На нашем курсе промышленной графики и упаковки училось 18 человек. Женщин только 5. Конечно, мы сразу обратили внимание на Таню А. У нее не было ног. Таня с трудом передвигалась на протезах, сделанных, когда девочке было 15 лет. Это была милая девушка с большими голубыми глазами и пушистыми светлыми волосами. Когда-то Таня занималась балетом, но однажды случилось несчастье: девочка попала под трамвай. Ей отрезало оби ноги по колено. Вернувшись после операции к жизни, Таня поступила в художественное училище. Она никогда не ныла, не жаловалось на свое несчастье. Ее привозил в институт отец на своей легковушке, а мы по очереди помогали ей переходить из аудитории в аудиторию по лестницам. После ампутации ног Таня располнела, сказался малоподвижный образ жизни. Она жила с родителями и братом в стареньком доме недалеко от Гольдберовской церкви.

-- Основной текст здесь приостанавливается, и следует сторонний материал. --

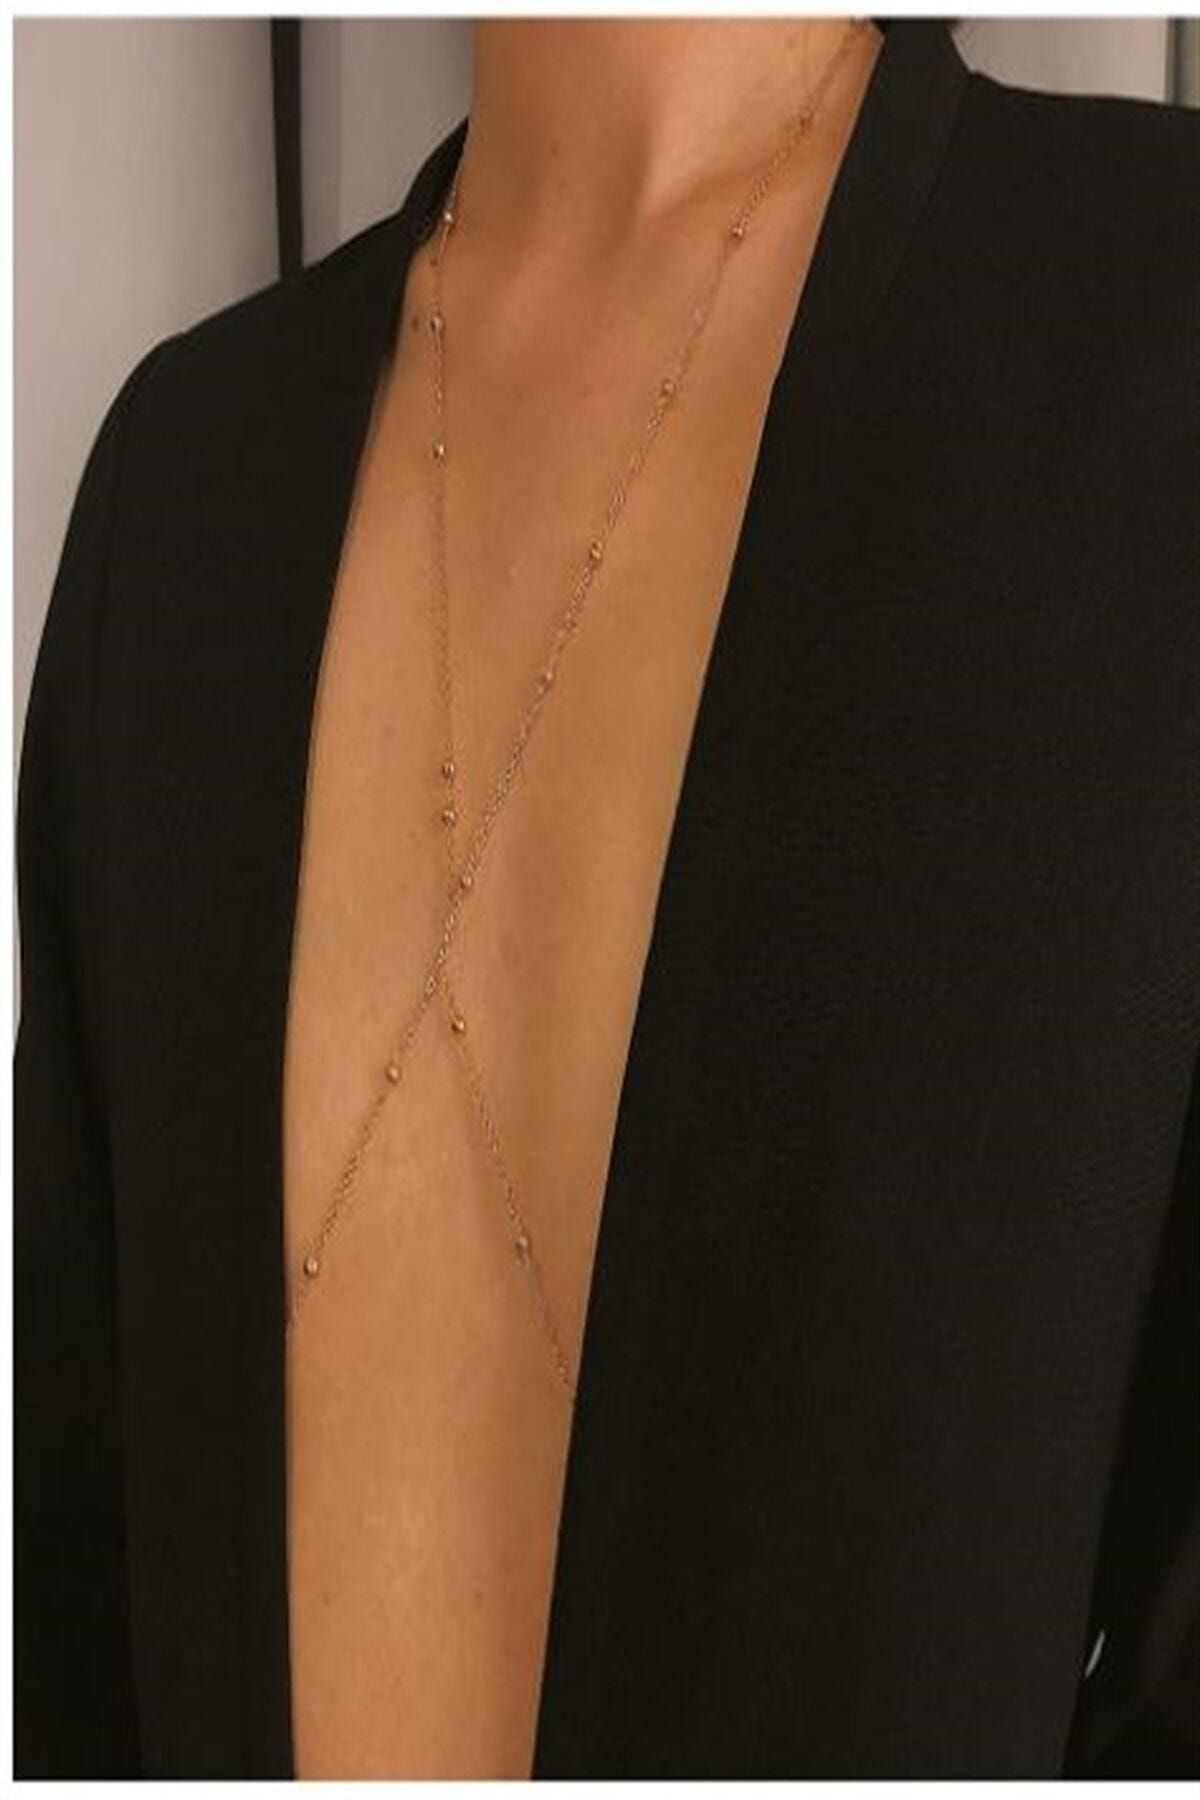 X-Lady Accessories Kadın Mini Top Boncuklu Stylish Vücut Zinciri, Bel Zinciri, Vücut Aksesuarı - Gold

После института Таня много лет работала на фабрике, изготавливающей скатерти, полотенца, салфетки. Она выполняла эскизы орнаментов, которые набивали на ткань. Таня познакомилась с мужчиной и родила сына Алешу – хорошего симпатичного мальчишку. Она и сейчас продолжает жить в том же доме, с удобствами во дворе, разъезжая по квартире на специальной дощечке с колесиками. Для меня ее жизнь – пример силы, стойкости и выдержки. Мы часто жалуемся на свои проблемы, но каждый раз, возвращаясь после визита к своей сокурснице, я смотрю на свои проблемы свежим взглядом и благодарю Всевышнего за все, что он мне дал.

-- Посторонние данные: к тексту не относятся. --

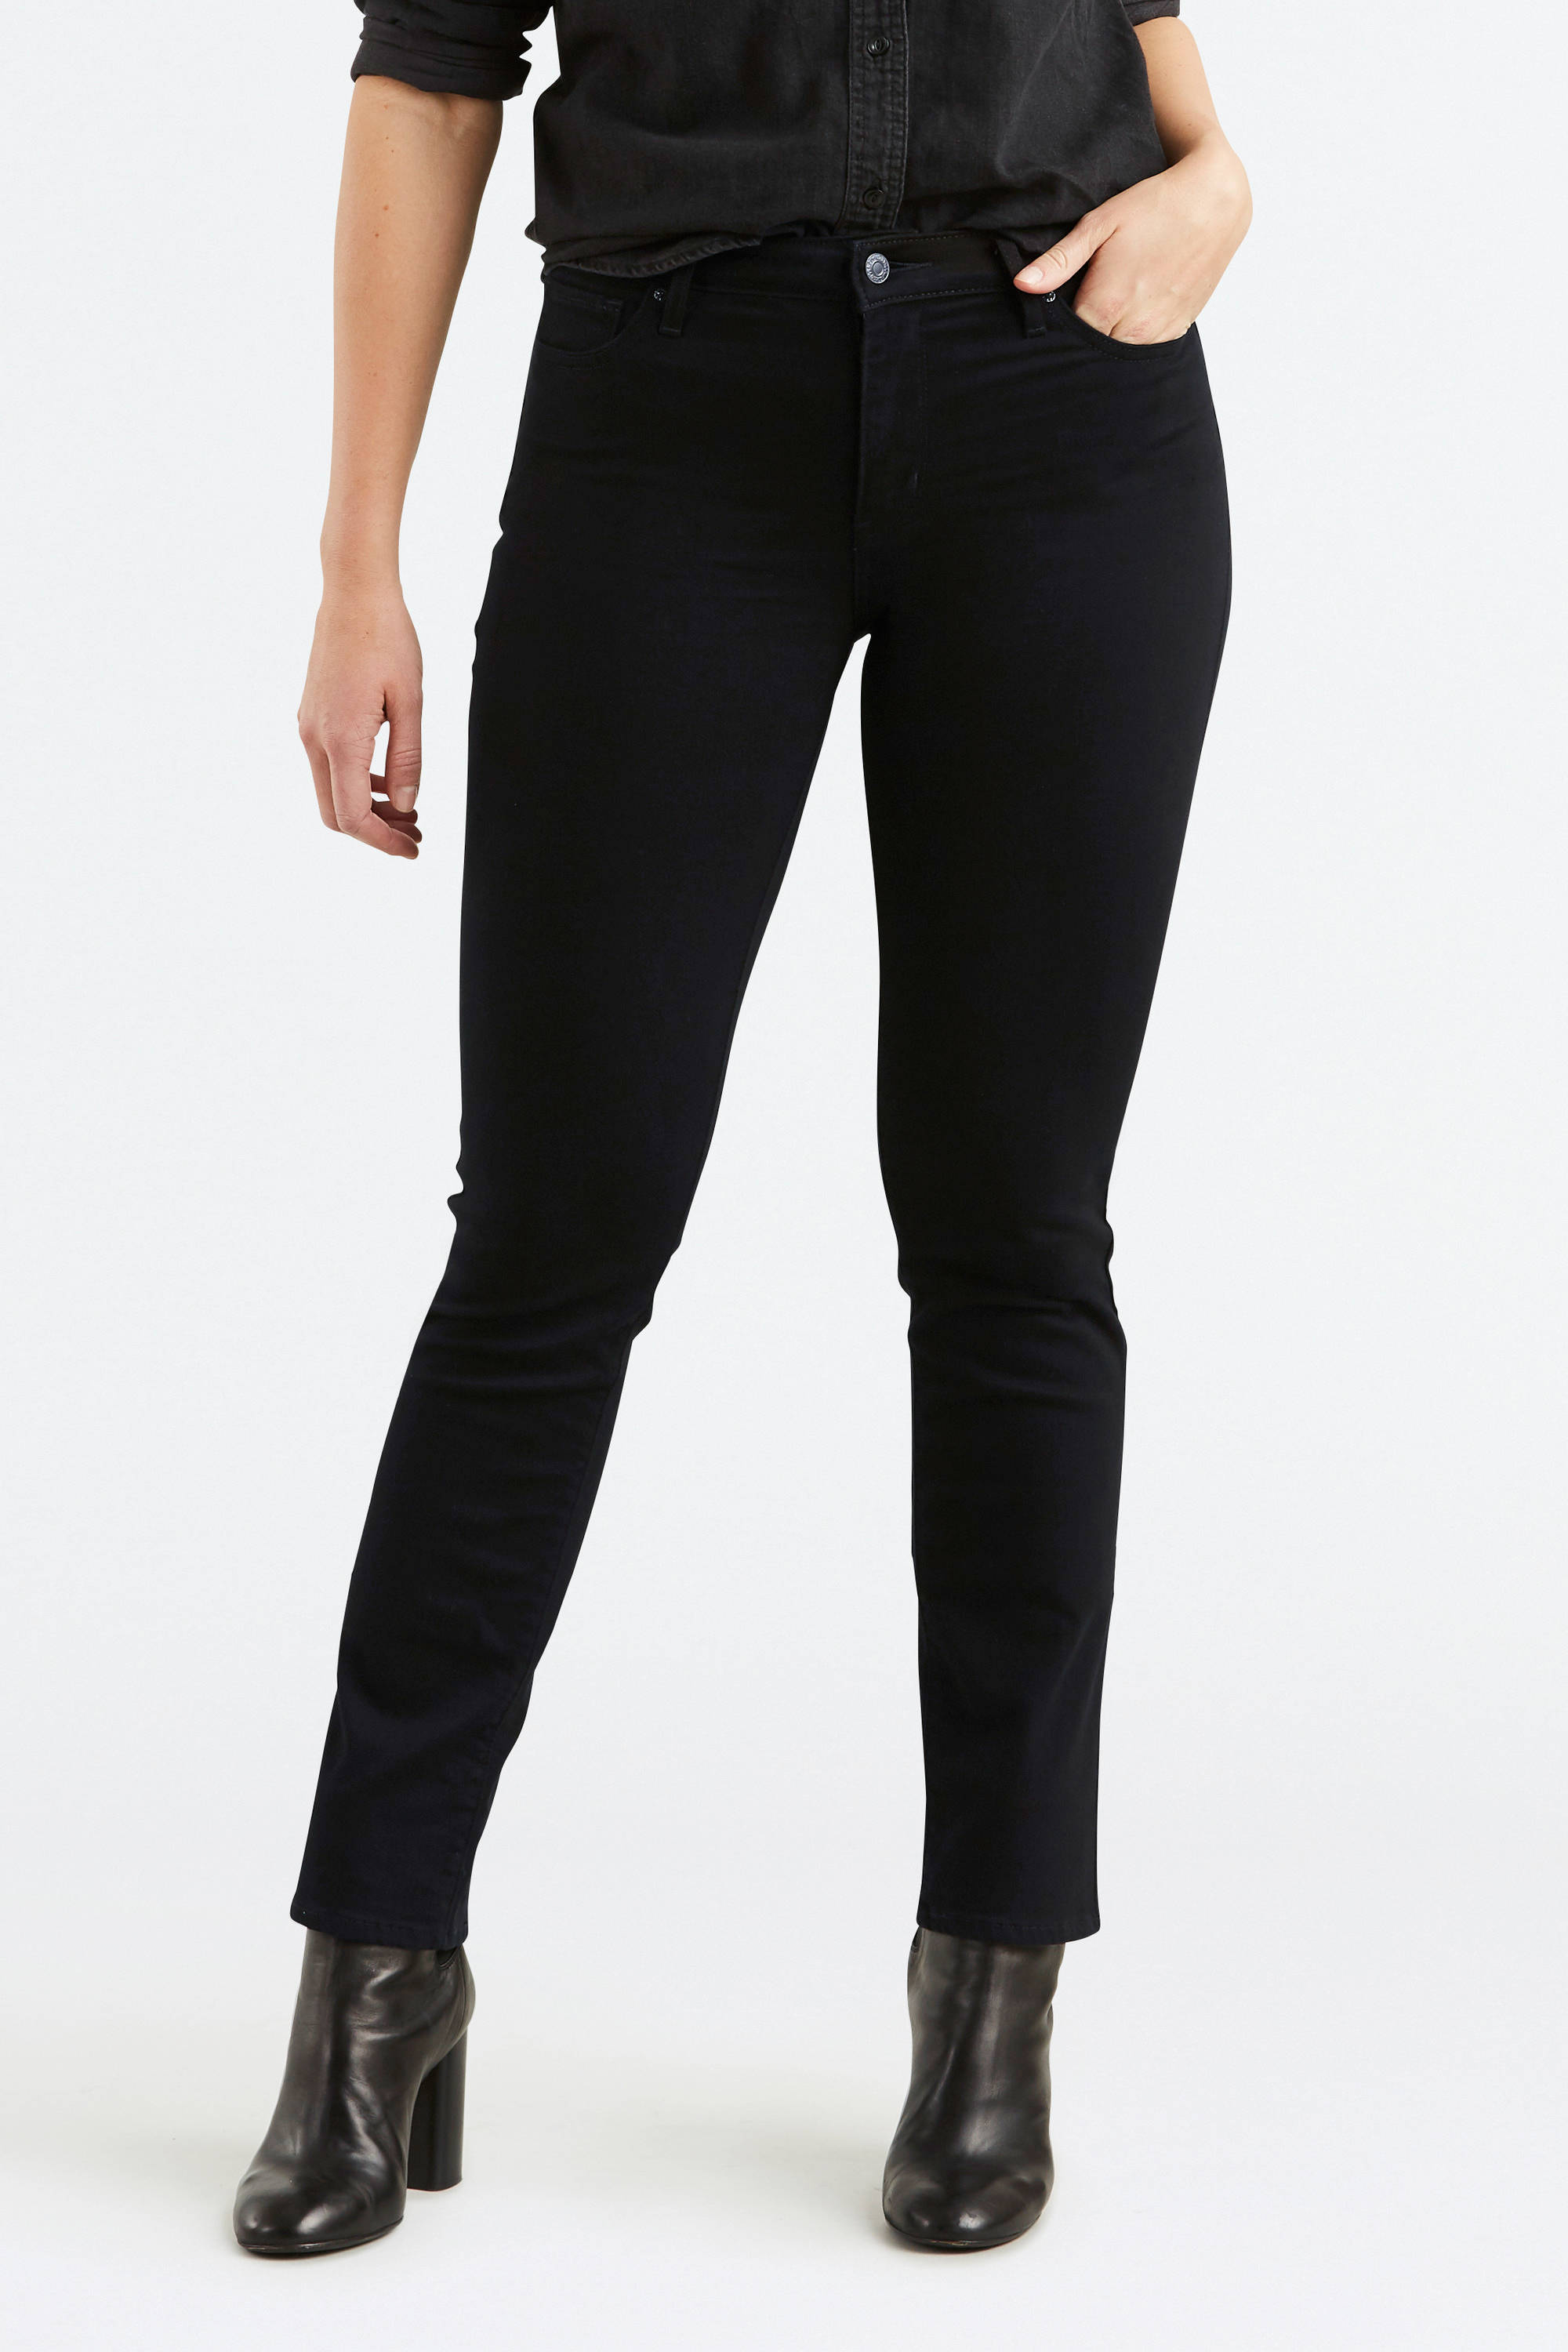 levi's slim fit jeans for ladies

На курсе я была самая младшая, сразу после школы. У остальных студентов за плечами были художественные училища, армия, еще какой- то жизненный опыт. Ребята имели опыт оформительской работы. Я сразу почувствовала свои слабые стороны и принялась усердно восполнять то, чего мне не хватало. Самой большой проблемой для меня стала работа с гуашью. Кроме самой технологии выполнения работы, была и еще одна "заковыка". Дело в том, что гуаши у меня элементарно не было, и купить ее было негде. А между тем задания по композиции, цветоведению, шрифтам, народному искусству нужно было выполнять именно гуашью. Мама тут же написала письма всем родственникам в Ленинград. В Ленинграде функционировал завод художественных красок, поэтому купить краски в Питере – задача решаемая.

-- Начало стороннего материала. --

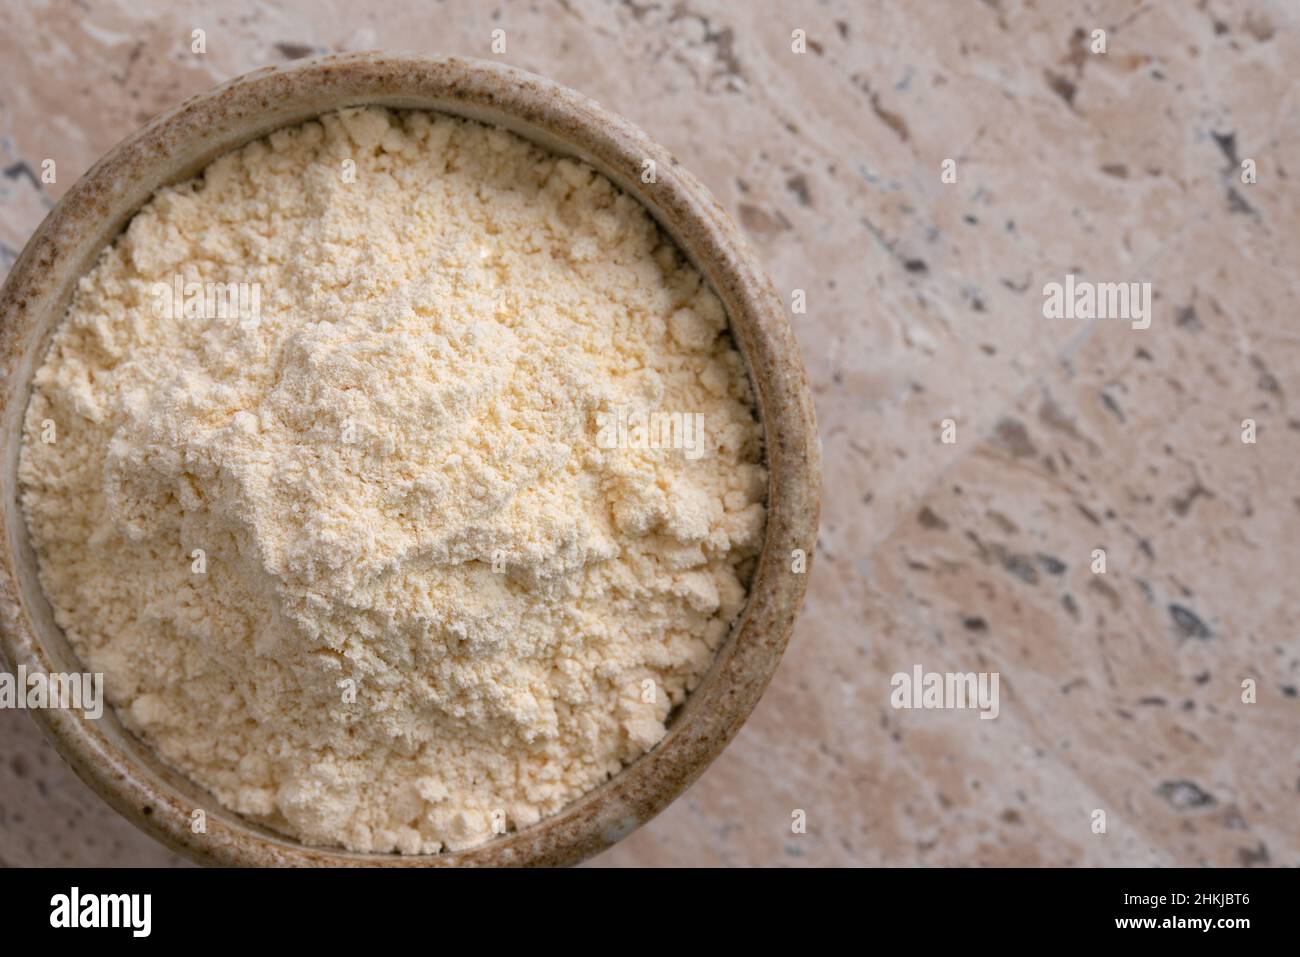 Garbanzo Bean Flour in a Bowl Stock Photo

Отец узнал, что в Харькове гуашь можно было купить в киоске художественного фонда. Однако продавали дефицитную гуашь (равно как и акварель, пастель и кисти) только членам Союза художников. Отец отправился к директору фонда и тот в порядке исключения дал разрешение на покупку небольшого количества материалов. Банок 5, таким образом, у меня уже были в наличии. Вскоре начали приходить посылки от родственников. Это было целое сокровище!
Самым тяжелым для меня предметом стало цветоведение. Нужно было выполнить массу специальных упражнений, выклеенных из цветной бумаги: спектральный круг, растяжки каждого спектрального цвета к серому, белому и черному. Простые упражнения на нахождение двух или трех гармоничных цветов сменялись композициями, в которых с помощью цвета нужно было передать то или иное настроение или чувство.
Эти упражнения требовали технической сноровки: нарезание цветных бумажек скальпелем, выклеивание композиции, культурная подача работы на картоне, с бумажной папиросной оберткой. Все выходные я красила бумагу, резала ее, клеила, сушила под прессом, навалив сверху все тома малой энциклопедии.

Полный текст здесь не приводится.